→ **TASK DETAILS**
Type out the complete listing below word for word, without its pictures.

→ **INFORMATION SHOWN**

★ ★ ★ ★ ★

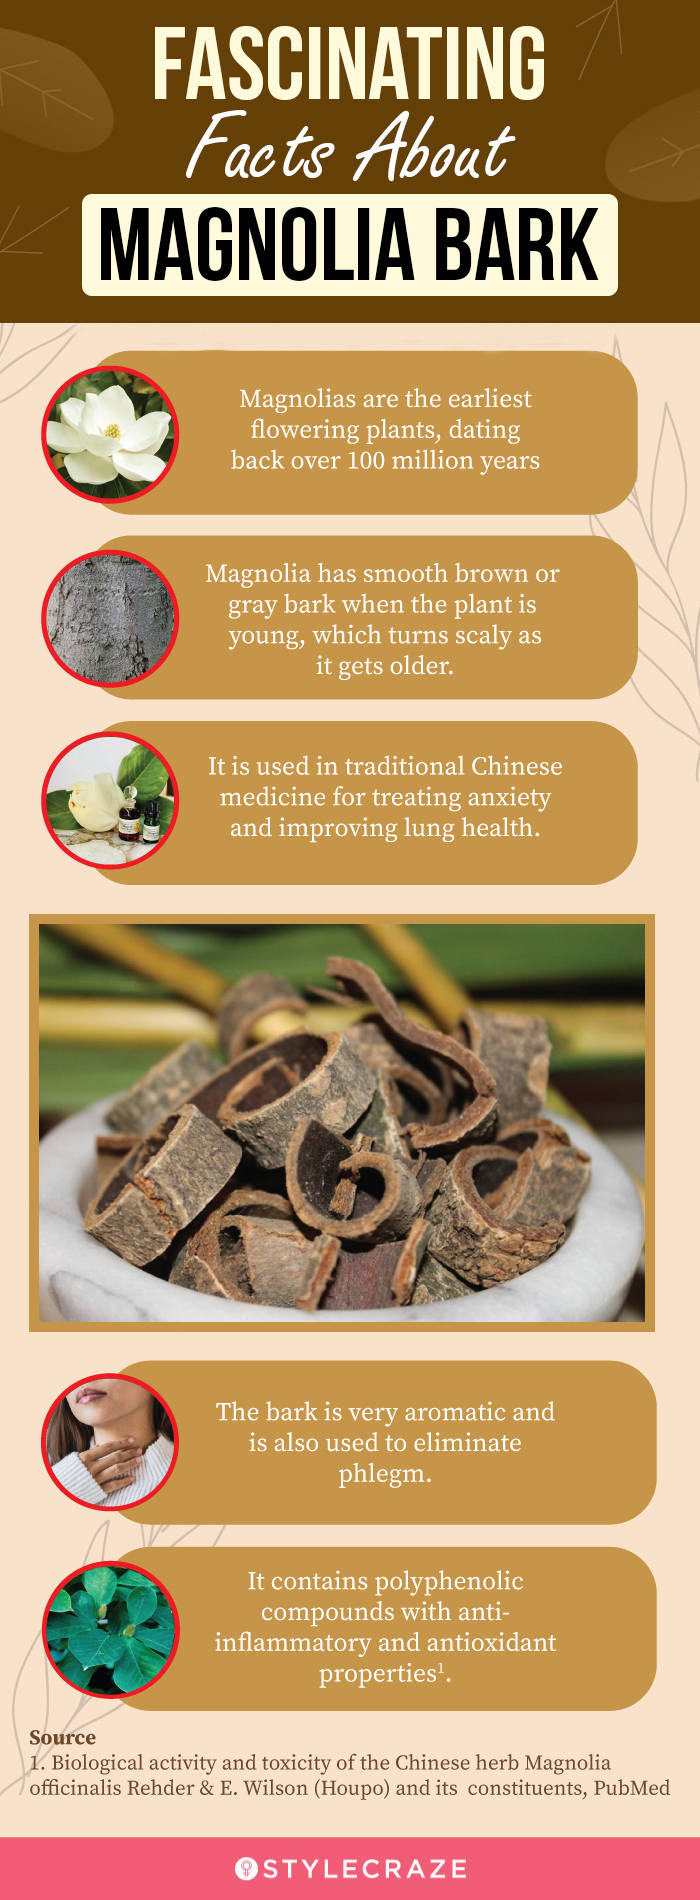 some fascinating facts about magnolia bark [infographic]
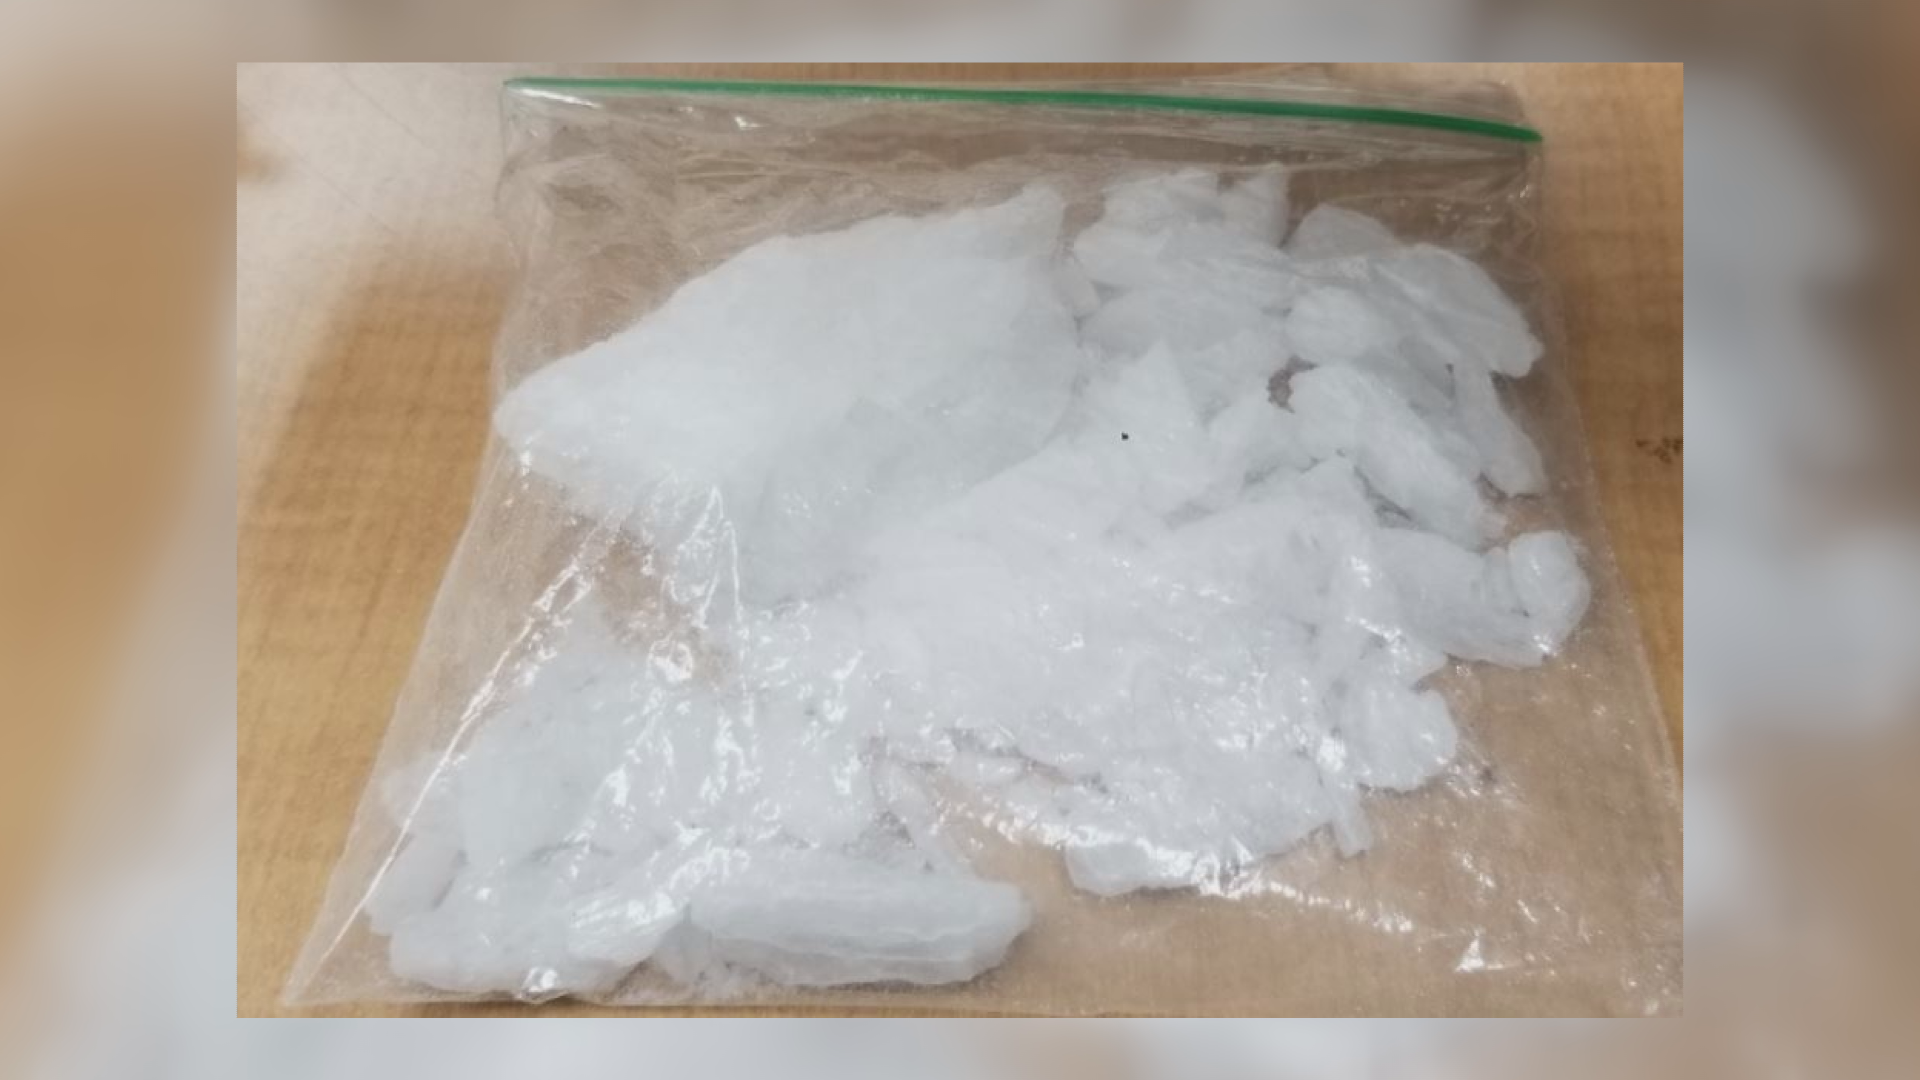 Centerville Police say they pulled over an unlicensed driver Thursday and ended up finding a large amount of methamphetamine in his car.
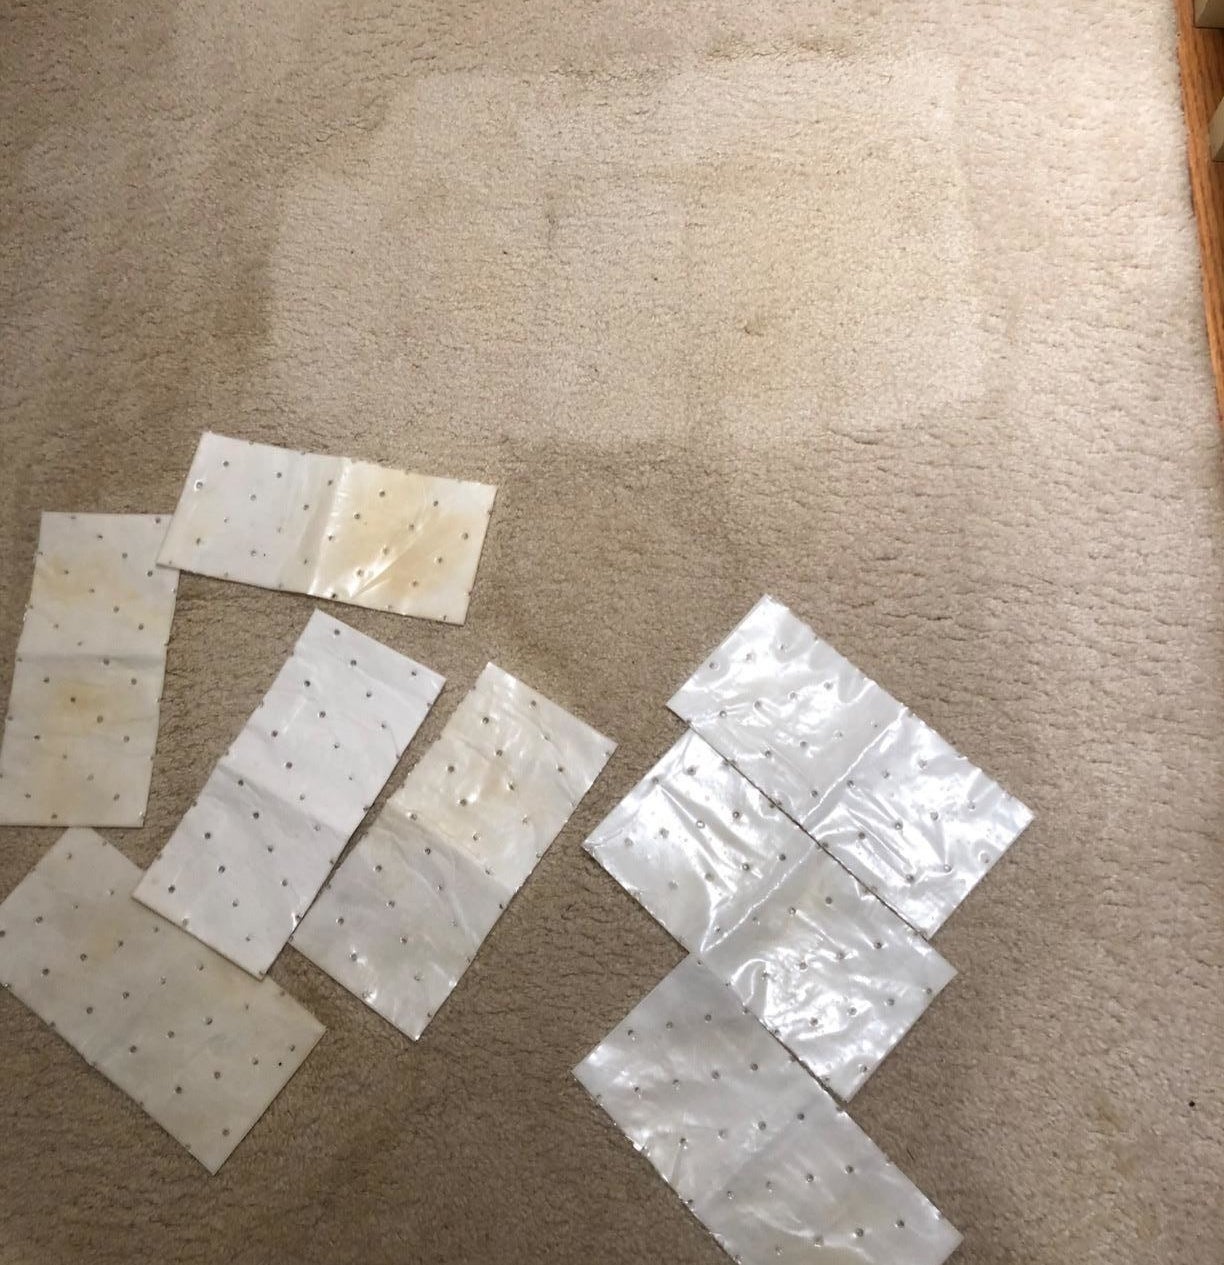 reviewer photo showing cleaning pads on their carpet and visibly cleaner spots where the pads have already been applied 
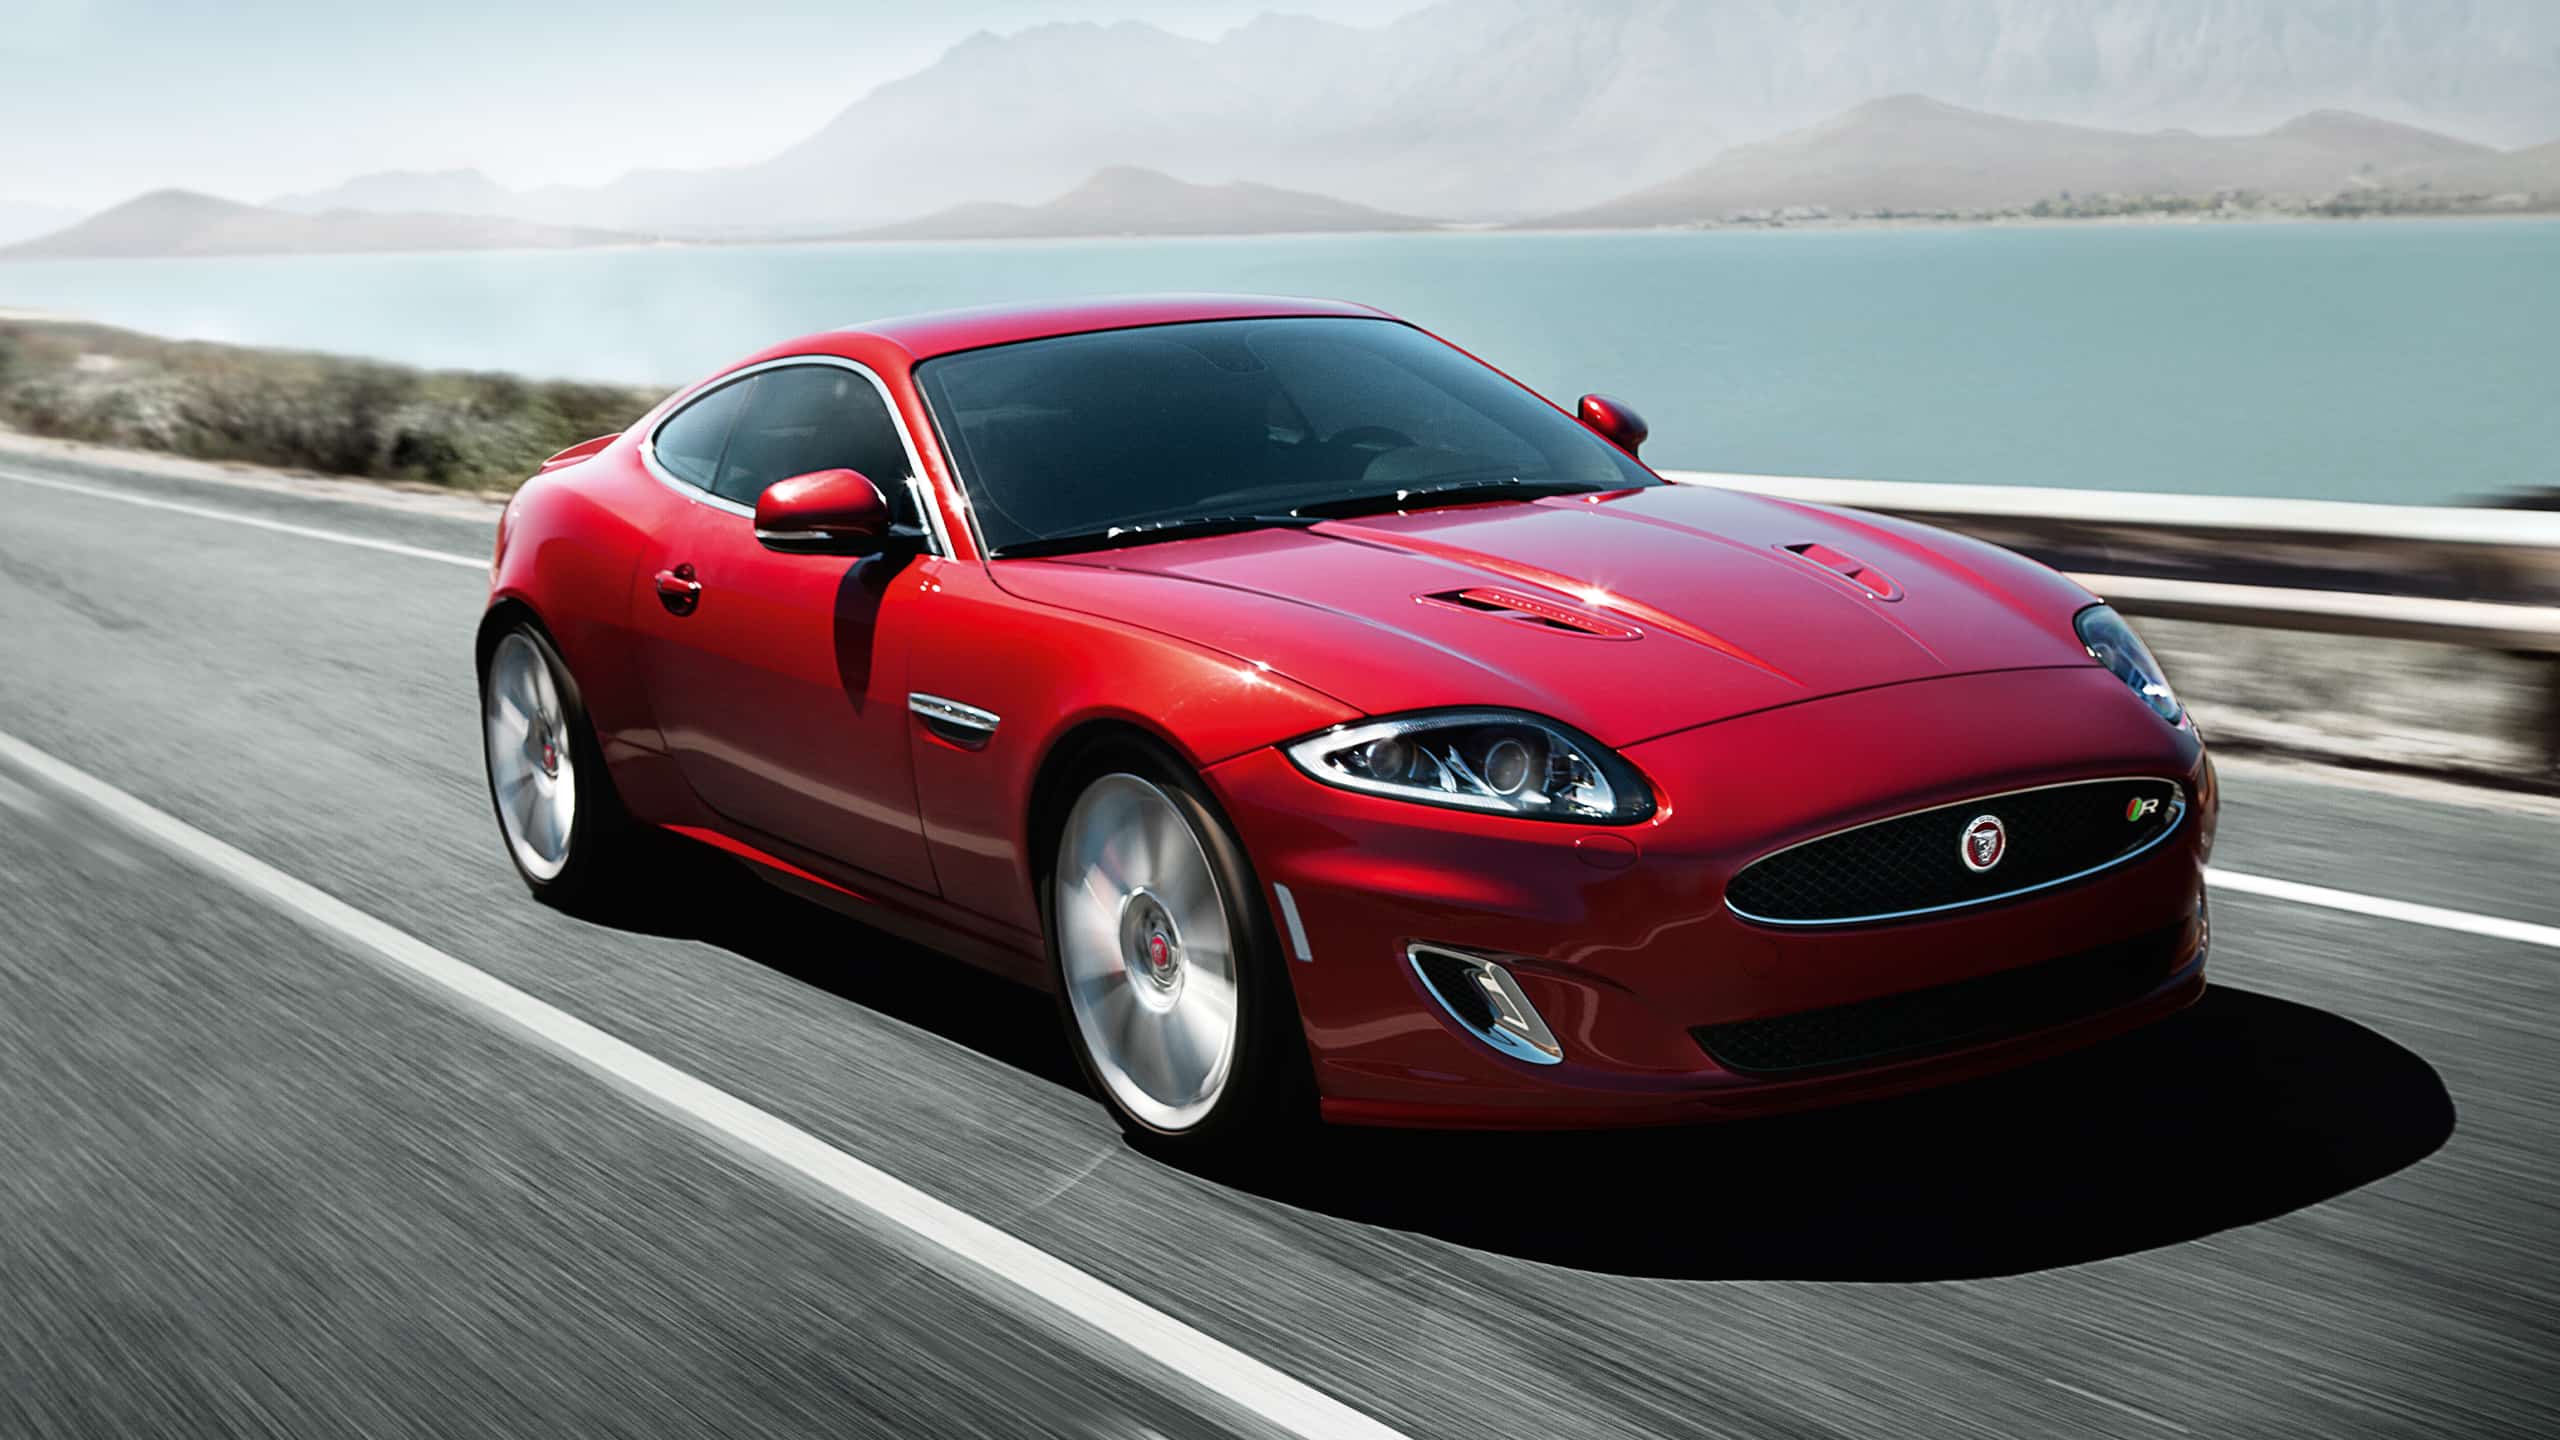 Jaguar XK running on bridge connected with Sea and mountains

★ ★ ★ ★ ★

→ **ANSWER SPACE**
 some fascinating facts about magnolia bark [infographic]
 Centerville Police say they pulled over an unlicensed driver Thursday and ended up finding a large amount of methamphetamine in his car.
 reviewer photo showing cleaning pads on their carpet and visibly cleaner spots where the pads have already been applied 
 Jaguar XK running on bridge connected with Sea and mountains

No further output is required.